First, you need to understand the risk that’s inherent in any position that you have. There are a variety of tools for that. We have a risk analysis tool right within the E-Trade Web site. We use a company called RiskGrades, and they will give you a numerical representation of how much risk is in a specific position.

Then you should also know what was the expected risk and what it was you put on, when you put that trade on.

Finally, you have to know what you can tolerate. Again, this goes back to questions that should have been answered before you entered the trade. If you’re a trader, what you might need to consider is: Are you using the right vehicle for the investment or trading hypothesis that you had?

I mean, let’s face it, to say you were, for example, bullish on technology could have been effected in a variety of ways, each of which would have differing degrees of risk. Maybe one is just to buy a big popular technology stock. Maybe another one is to buy a technology ETF.

Maybe another one is to buy one of those instruments on margin and leverage your position, and finally you could have used options to implement the position. All of these have differing degrees of risk, even though they’re all bets on the same particular idea. Traders and investors have to think about these things differently.

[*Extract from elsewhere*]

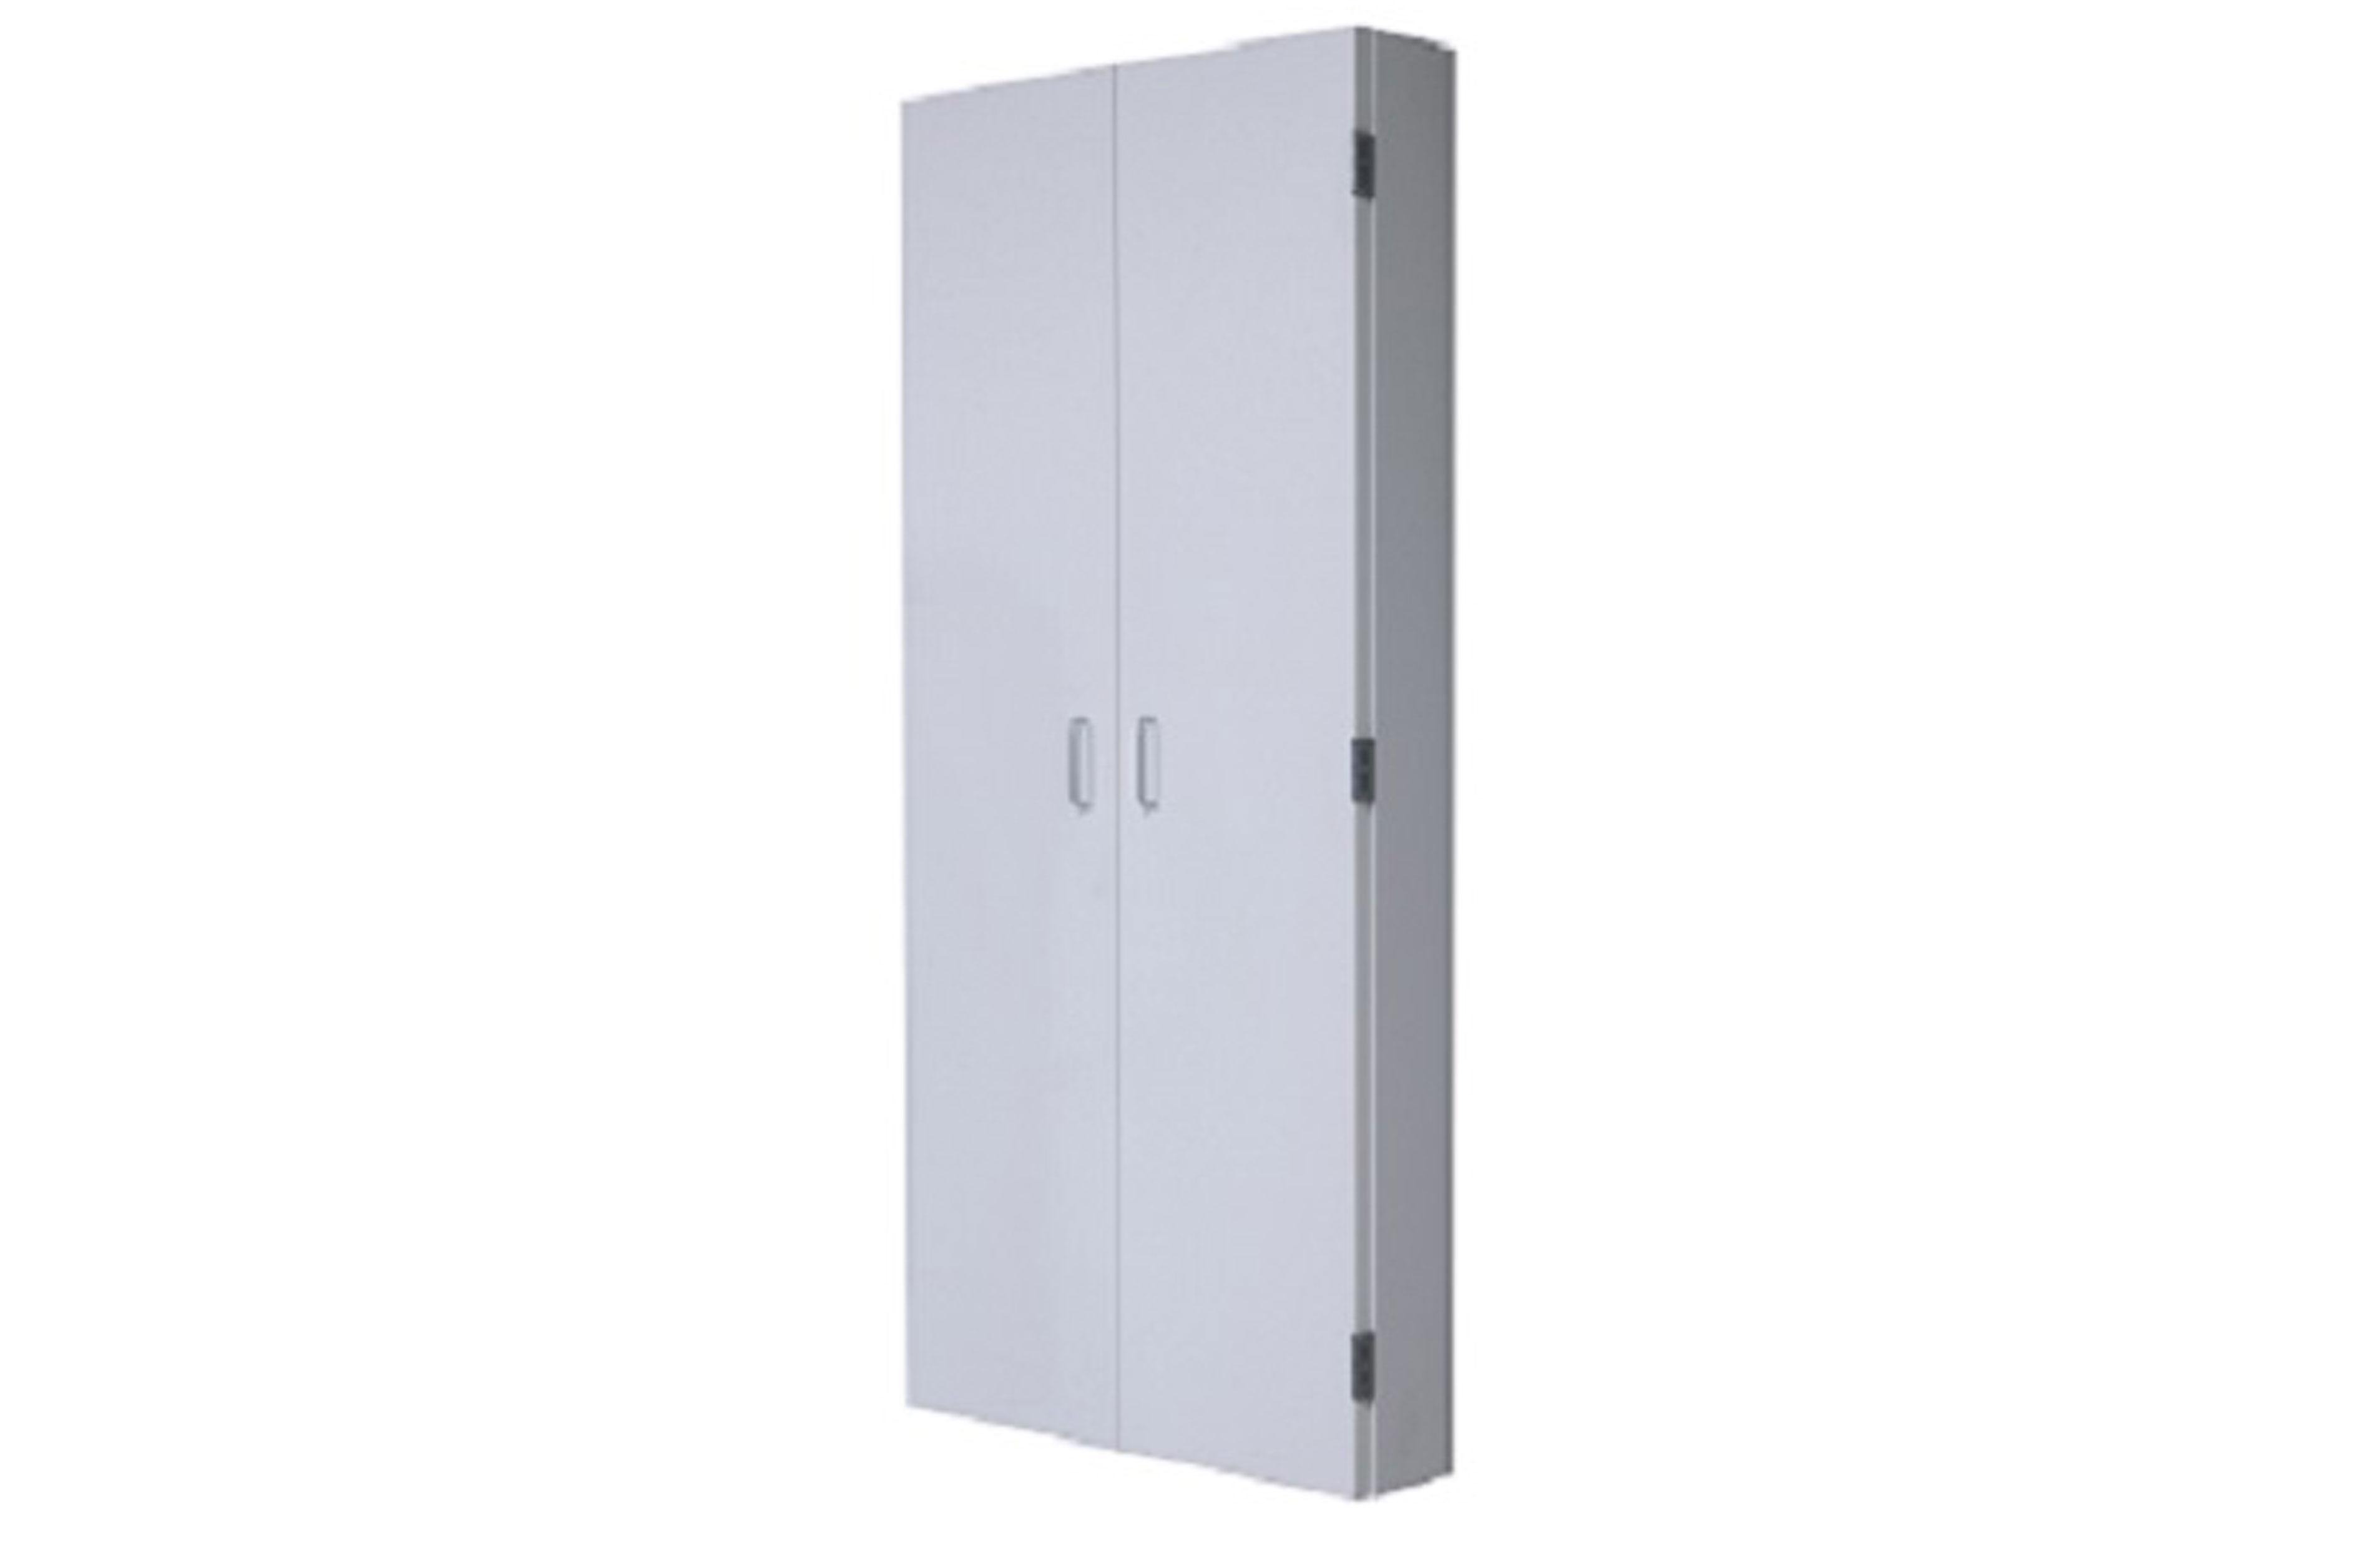 Folding-Wall-Mount-Cabinet
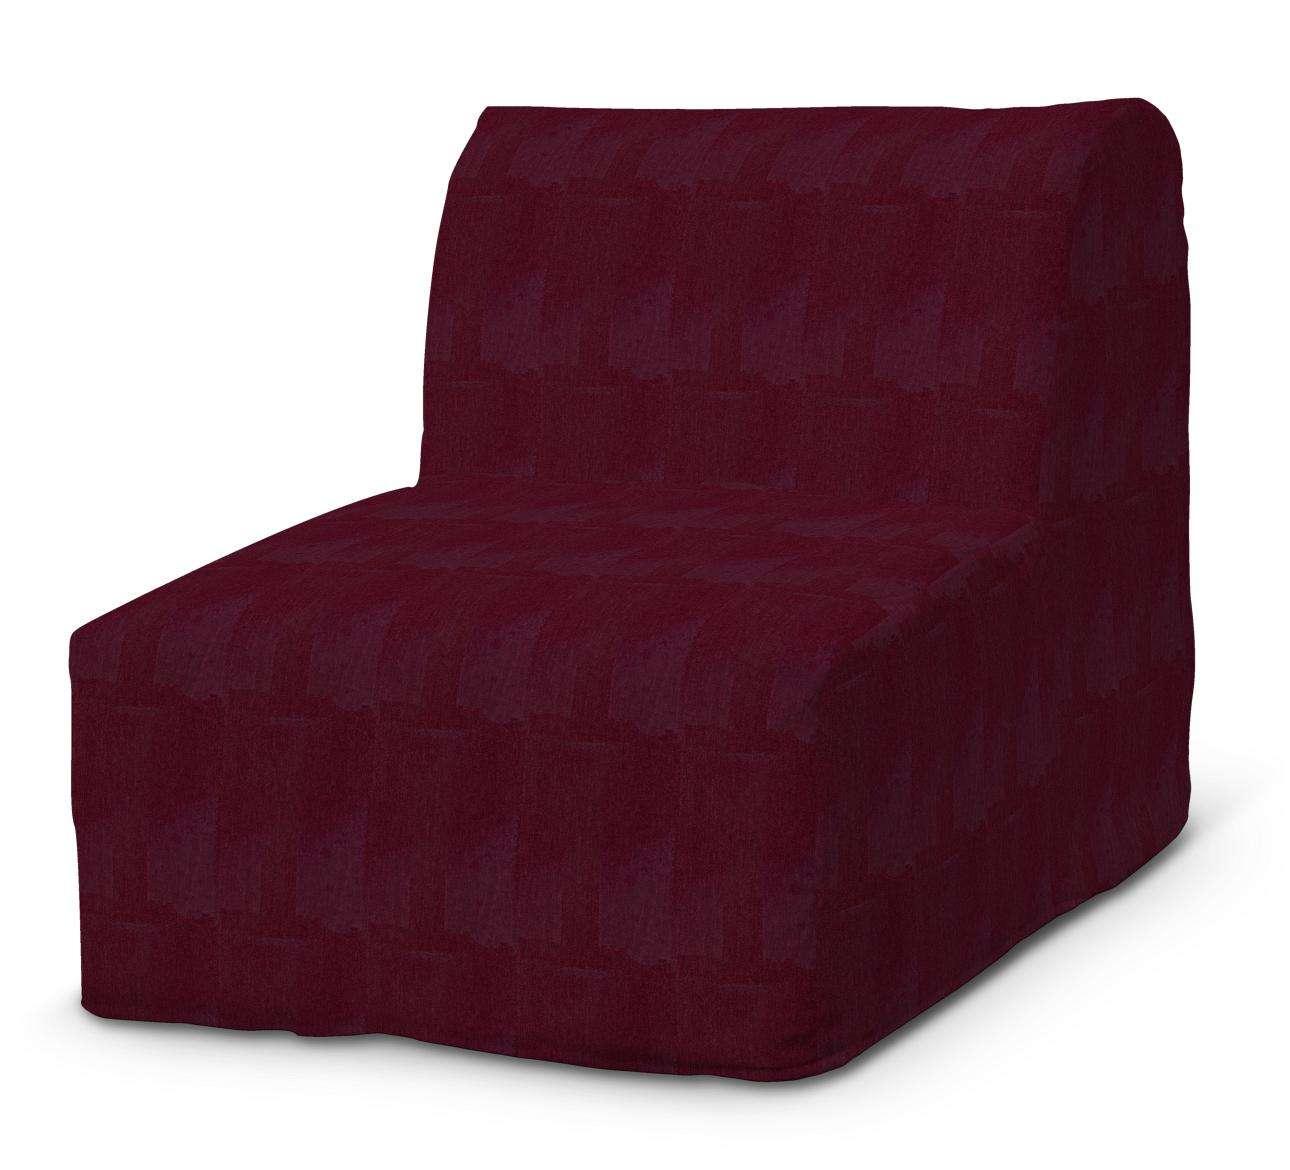 Lycksele Sesselbezug fotel Lycksele von der Kollektion Chenille , Stoff: 702-19

But for a trader, it’s not just were you correct in your hypothesis on what the underlying was going to do, but did you choose an instrument, did you choose a degree of leverage that fits with your risk tolerance? If things are reacting differently than what you thought, it’s time to reassess that, educate yourself, and learn about what those different instruments are, in order to effect a trade.

Kate Stalter: It seems like just boiling that down to the most basic: Go into every trade with some kind of plan, not just buying. It seems like a lot of traders don’t have an exit strategy.

Dave Whitmore: Having a signal to you that tells you a stock is going up, for example, is not a strategy. The strategy is having a signal, a catalyst, if you will, whatever event makes you decide that an idea is either bullish or bearish for you.

But the strategy comes with defining how you’re going to enter that trade, how much of your capital is going to be committed to that trade, and as you just pointed out perfectly, how are you getting out? What is your target? Where is your pain point? That would be where you put your stop-loss, that’s the bailout, that’s the jump-out point.

You need to, on each trade, have a sense of the ratio of that. How much upside potential is there, and how much risk am I willing to take? That’s one of the most basic steps of assessing the risk in a trade. Every investor needs to do that.